==== PROVIDED DATA ====

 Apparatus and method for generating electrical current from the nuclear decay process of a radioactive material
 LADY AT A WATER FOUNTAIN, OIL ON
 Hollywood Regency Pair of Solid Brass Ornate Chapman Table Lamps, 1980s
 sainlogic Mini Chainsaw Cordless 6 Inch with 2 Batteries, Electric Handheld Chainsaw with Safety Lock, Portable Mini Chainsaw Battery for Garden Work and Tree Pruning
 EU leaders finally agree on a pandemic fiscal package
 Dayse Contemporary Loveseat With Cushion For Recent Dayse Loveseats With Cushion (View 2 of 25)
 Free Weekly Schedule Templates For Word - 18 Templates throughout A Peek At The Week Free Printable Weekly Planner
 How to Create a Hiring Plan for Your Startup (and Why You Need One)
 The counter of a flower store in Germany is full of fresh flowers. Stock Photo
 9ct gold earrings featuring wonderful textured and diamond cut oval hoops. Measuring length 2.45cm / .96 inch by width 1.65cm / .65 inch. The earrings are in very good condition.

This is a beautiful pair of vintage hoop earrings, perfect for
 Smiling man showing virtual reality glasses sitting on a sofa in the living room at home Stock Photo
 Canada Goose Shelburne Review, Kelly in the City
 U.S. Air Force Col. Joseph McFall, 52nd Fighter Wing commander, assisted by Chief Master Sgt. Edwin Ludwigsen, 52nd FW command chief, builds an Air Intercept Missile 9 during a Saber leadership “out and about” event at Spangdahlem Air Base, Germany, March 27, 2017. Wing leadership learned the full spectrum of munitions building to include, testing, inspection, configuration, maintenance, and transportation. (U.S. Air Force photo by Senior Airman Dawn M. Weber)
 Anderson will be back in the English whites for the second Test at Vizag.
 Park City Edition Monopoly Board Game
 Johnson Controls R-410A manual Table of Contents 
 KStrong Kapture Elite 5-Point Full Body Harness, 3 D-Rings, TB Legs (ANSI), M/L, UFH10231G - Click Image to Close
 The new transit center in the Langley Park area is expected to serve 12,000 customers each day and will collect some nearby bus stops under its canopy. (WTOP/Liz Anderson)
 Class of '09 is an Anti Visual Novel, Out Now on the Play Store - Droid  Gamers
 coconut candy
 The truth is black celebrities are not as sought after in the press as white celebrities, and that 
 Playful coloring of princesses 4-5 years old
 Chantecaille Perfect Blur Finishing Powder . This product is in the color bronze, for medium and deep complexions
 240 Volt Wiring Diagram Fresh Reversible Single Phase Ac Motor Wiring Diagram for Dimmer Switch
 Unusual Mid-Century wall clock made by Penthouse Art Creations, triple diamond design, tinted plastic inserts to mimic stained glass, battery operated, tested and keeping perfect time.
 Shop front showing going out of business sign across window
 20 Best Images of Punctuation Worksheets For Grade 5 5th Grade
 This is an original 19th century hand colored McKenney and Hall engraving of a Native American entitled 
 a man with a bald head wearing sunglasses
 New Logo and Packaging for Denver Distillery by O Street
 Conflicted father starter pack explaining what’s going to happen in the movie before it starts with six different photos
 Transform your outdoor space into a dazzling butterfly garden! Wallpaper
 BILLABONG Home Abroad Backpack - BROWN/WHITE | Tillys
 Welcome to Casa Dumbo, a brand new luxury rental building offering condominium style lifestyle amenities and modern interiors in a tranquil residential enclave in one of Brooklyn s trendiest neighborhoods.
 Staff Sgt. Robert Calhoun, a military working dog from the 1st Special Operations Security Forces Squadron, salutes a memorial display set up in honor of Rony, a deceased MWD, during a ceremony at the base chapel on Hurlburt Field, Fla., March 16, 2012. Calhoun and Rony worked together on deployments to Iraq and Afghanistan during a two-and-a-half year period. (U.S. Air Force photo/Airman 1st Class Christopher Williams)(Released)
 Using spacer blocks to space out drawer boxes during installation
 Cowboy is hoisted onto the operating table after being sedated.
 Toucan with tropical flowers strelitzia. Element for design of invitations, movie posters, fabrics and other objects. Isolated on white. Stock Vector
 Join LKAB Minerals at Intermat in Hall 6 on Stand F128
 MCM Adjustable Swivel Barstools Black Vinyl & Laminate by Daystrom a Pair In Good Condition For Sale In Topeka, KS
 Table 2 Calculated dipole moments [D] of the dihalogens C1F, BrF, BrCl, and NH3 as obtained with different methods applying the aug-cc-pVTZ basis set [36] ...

====

● YOUR TASK
The requested output is the line holding "Using spacer blocks" and every line after it up to the last line of the listing, exactly, with nothing else.

● SOLUTION TO THIS TASK
 Using spacer blocks to space out drawer boxes during installation
 Cowboy is hoisted onto the operating table after being sedated.
 Toucan with tropical flowers strelitzia. Element for design of invitations, movie posters, fabrics and other objects. Isolated on white. Stock Vector
 Join LKAB Minerals at Intermat in Hall 6 on Stand F128
 MCM Adjustable Swivel Barstools Black Vinyl & Laminate by Daystrom a Pair In Good Condition For Sale In Topeka, KS
 Table 2 Calculated dipole moments [D] of the dihalogens C1F, BrF, BrCl, and NH3 as obtained with different methods applying the aug-cc-pVTZ basis set [36] ...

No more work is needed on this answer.